25. The method of claim 17, wherein said method comprises determining the presence and/or level of at least one marker indicative of necrotic enteritis in avian blood wherein the marker is selected from the group consisting of: a) a polynucleotide having a sequence identity of at least 90% to at least 12 consecutive nucleotides of a sequence selected from the group consisting of: SEQ ID NOs:10-12; b) polynucleotides complementary to the sequences of paragraph a); c) polynucleotides comprising the sequences of paragraph a).

26. The method of claim 16, wherein said method comprises determining the presence and/or amount of at least one marker indicative of the disease in microvesicles isolated from avian excrements.

27. The method of claim 16, wherein the avian sample is obtained from poultry,

28. The method of claim 16, wherein the avian sample is obtained from an avian animal selected from the group consisting of: chickens, turkeys, ducks, geese, peacocks, pheasants, partridges, guinea fowl, quails, capercaillies, grouse, pigeons, swans, ostriches and parrots, and chickens.

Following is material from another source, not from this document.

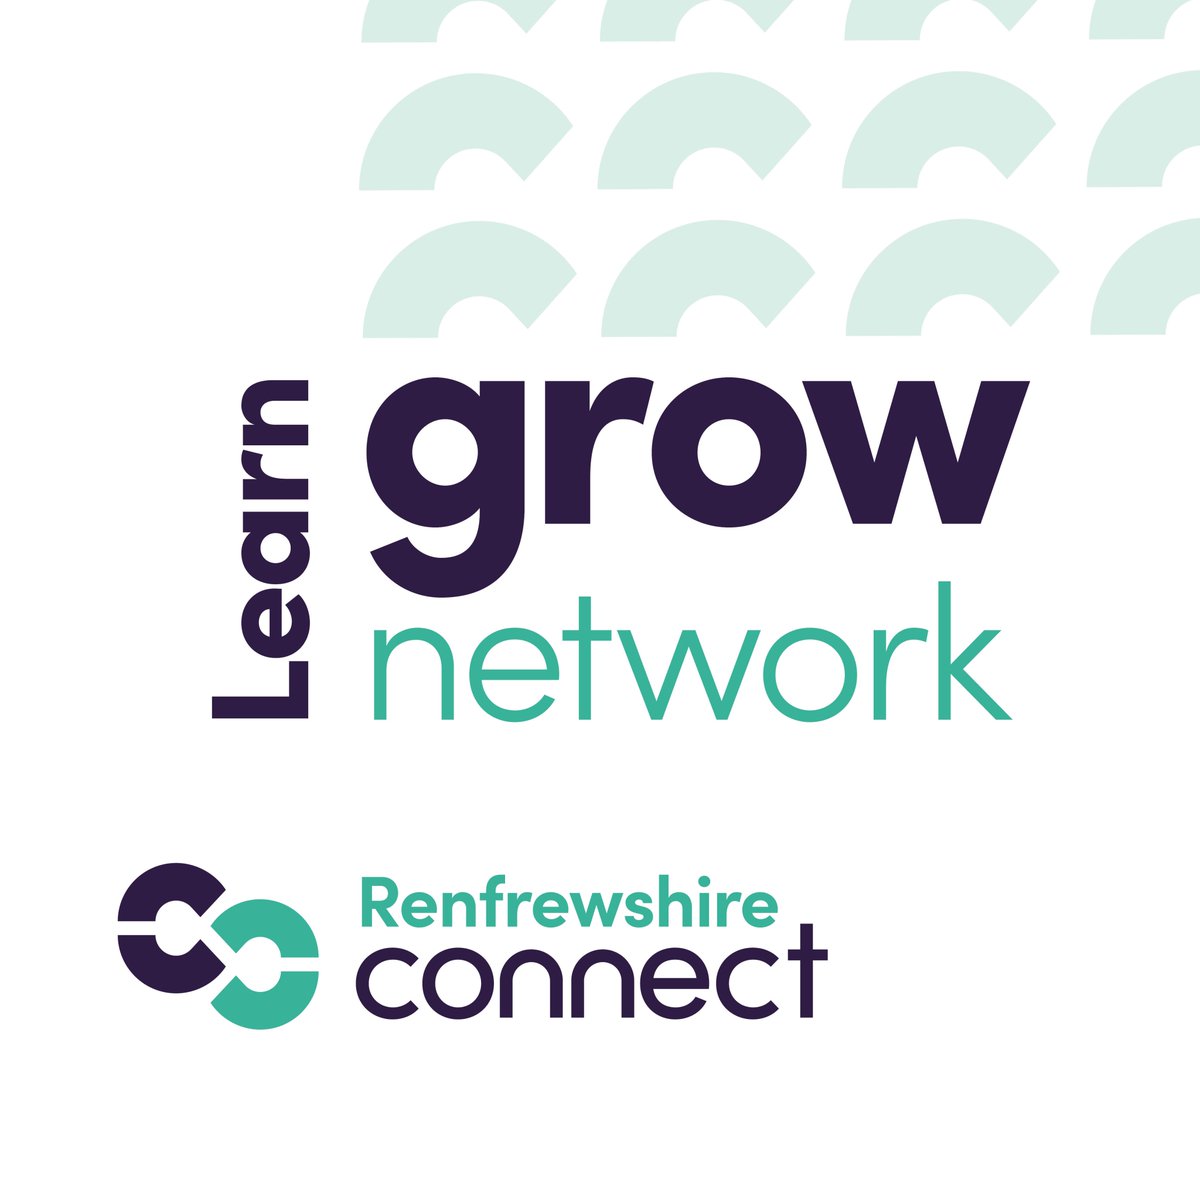 Our team will be at @RenfrewshireCoC Connect on Thursday 16th May 👋🏽! Join us at the Lagoon Centre in Paisley between 10am - 4pm for a day of workshops, seminars and networking! Secure your free ticket 🎟️: renfrewshirechamber.com/renfrewshire-c… #RenfrewshireConnect #UWS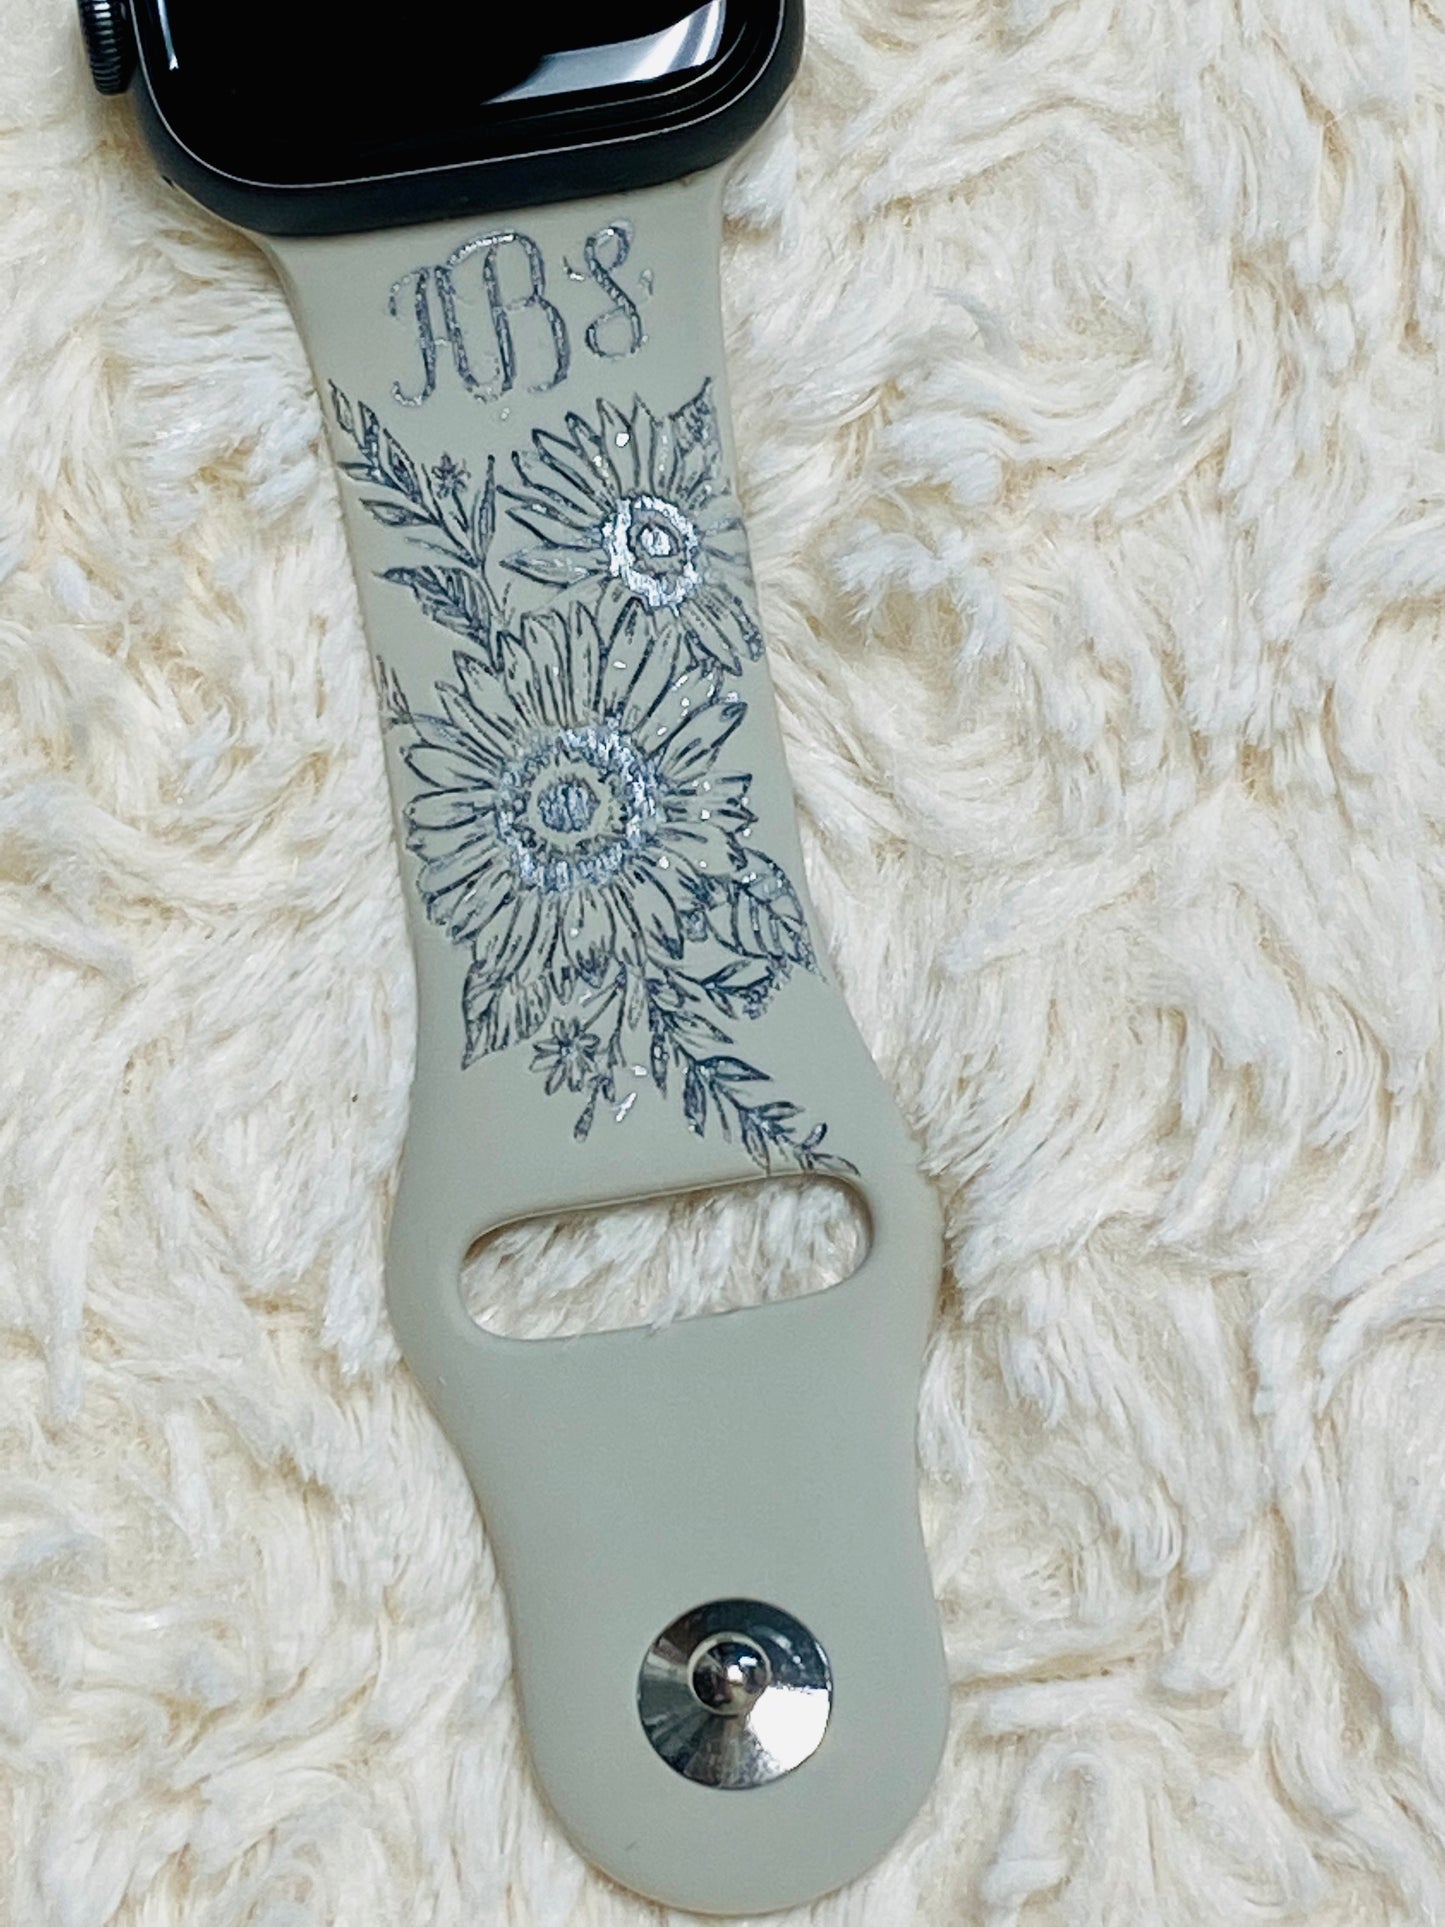 Personalized Apple Watch Band. - Bair Prints

29. A polynucleotide selected from the group consisting of: a) a polynucleotide which has a sequence identity of at least 80% to a polynucleotide which comprises at least 100 consecutive nucleotides of a sequence selected from the group consisting of SEQ ID NO:1; SEQ ID NO:3 and SEQ ID NO:7; b) a polynucleotide complementary to a sequence of paragraph a); c) a polynucleotide comprising the sequence of paragraph a).

30. The polynucleotide of claim 29, wherein said polynucleotide has a sequence identity of at least 90% to a polynucleotide which comprises at least 100 consecutive nucleotides of a sequence selected from the group consisting of SEQ ID NO:1; SEQ ID NO:3 and SEQ ID NO:7.

31. A polypeptide selected from the group consisting of: a) a polypeptide which has a sequence identity of at least 80% to a polypeptide which comprises at least 15 consecutive amino acids to a sequence selected from the group consisting of: SEQ ID NO:2; SEQ ID NO:14; and SEQ ID NO:15; b) a polypeptide which comprises the polypeptides of paragraph a).